Financial pricing-illogical, opaque and unfair?

Return is proportional to risk taken. This basic 'tenet' of finance is honored more in the breach. How else can you explain these situations?

  1. Banks with D/E ratios and other leverage ratios>>1 pay less for their borrowings than us low leveraged individuals? 

  2. Over collateralized loan(pawn shops) cost the poor more than what an unsecured loan costs those eligible for it! The poor pay more for gold loans than a salaried person pays for unsecured loans.

  3. Microfinance, despite benefiting from portfolio diversification(and in certain parts of India-group guarantee via self help groups)[on the asset side] and priority sector treatment[on the liability side] still had very high interest rates, compared with other retail loans.

  4. The regulatory accounting treatment for derivative assets(thanks to the netting/collateral provisions) makes this a very profitable business than the less risky lending business.
What goes? Surely, the institutions involved are aware of the mismatch. But these factors play a role IMO:

  1. Even if their pricing models are 'behind the times', the final price('interest rates', 'spreads' etc) can always be notched up to charge what the market will bear. But getting internal approvals for charging a below 'model' rate(even if it is above market) is a painful process in some banks. So why not make that call on your own?

  2. Also,  the business would much prefer to have risk underpriced in their systems, so that they can  win market share by selectively underpricing, have higher 'risk adjusted' compensation figures etc.

  3. Prices often reflect the lack of competition(lead bank relationship, trust built with client, illiquid markets) or information asymmetry(complex products etc).

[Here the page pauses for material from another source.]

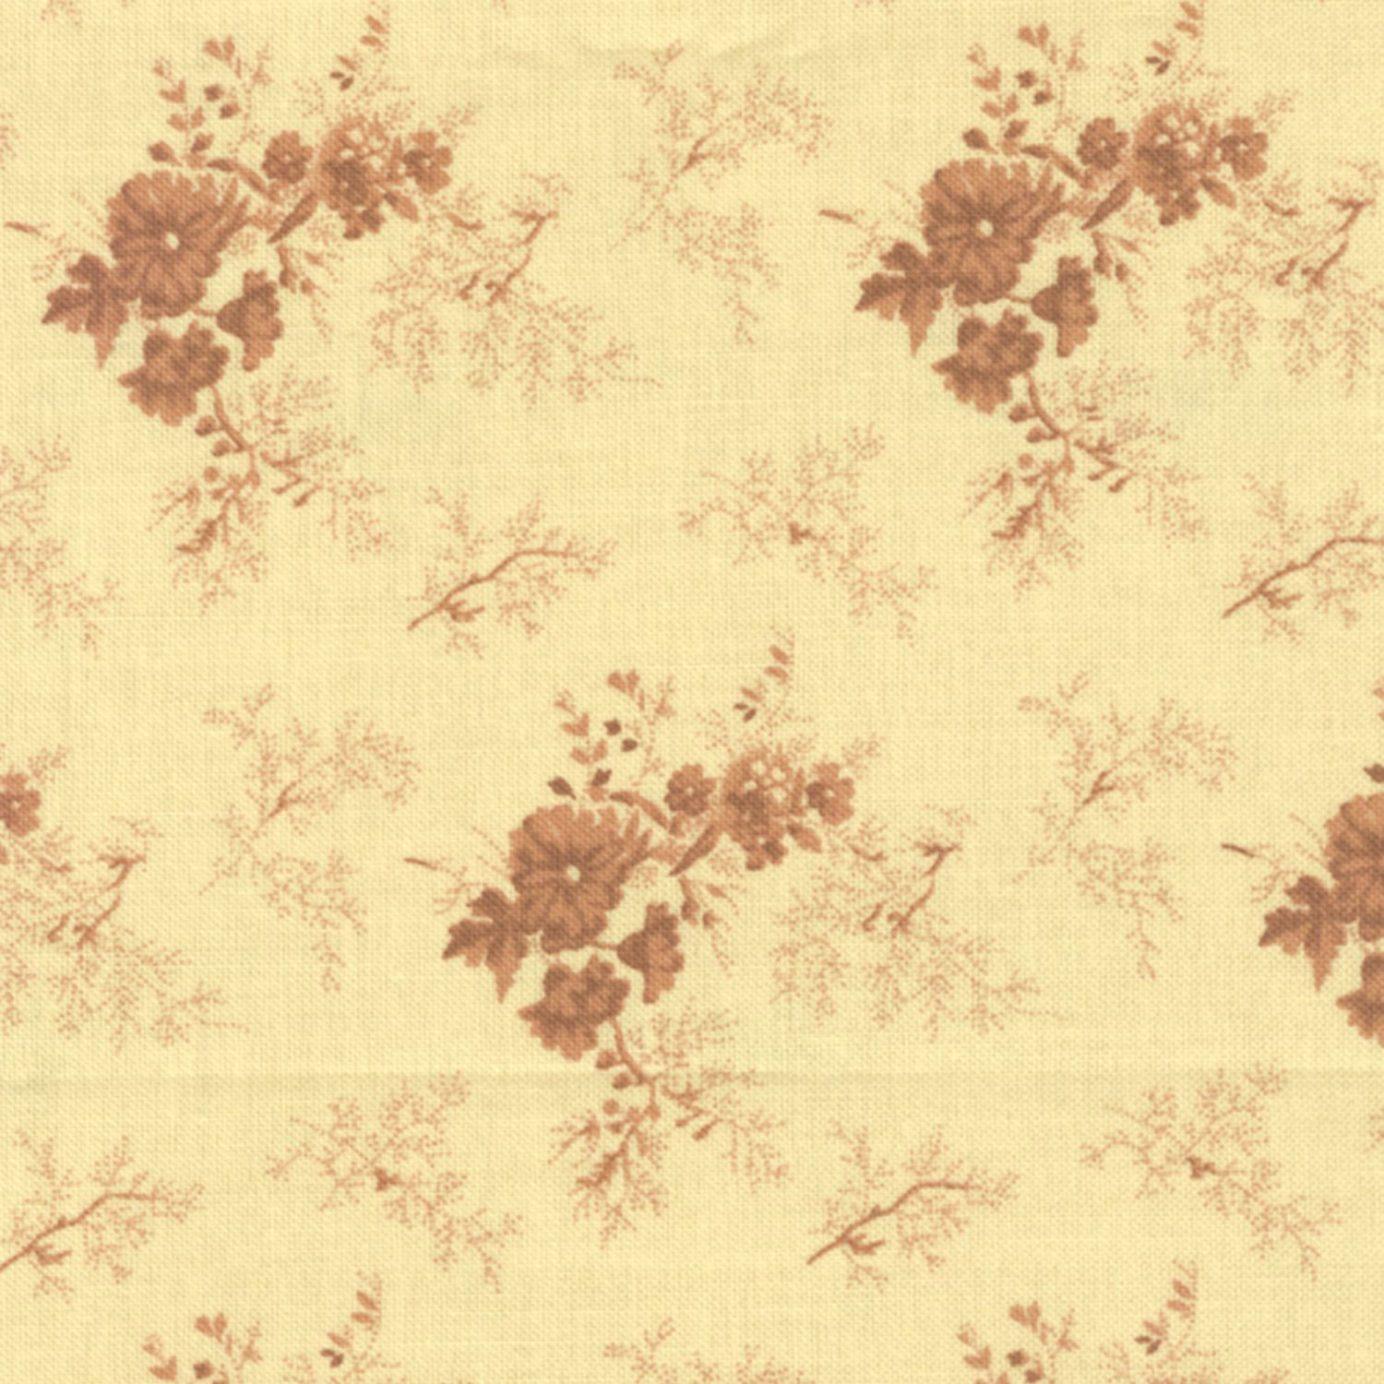 southern-vintage-svin-784-p

No risk based pricing model can capture this well, necessitating the need for subjective customers. 

  4. Point (3) leads us to the conclusion that savvy clients with multiple banking relationships/finance options(greater supply) would get better terms than clients with exclusive relationships with banks. Unfair but often true-even outside the finance world. The housing finance market where benefit of lower interest rates is passed on to new clients(but not to old ones) is an example of this. 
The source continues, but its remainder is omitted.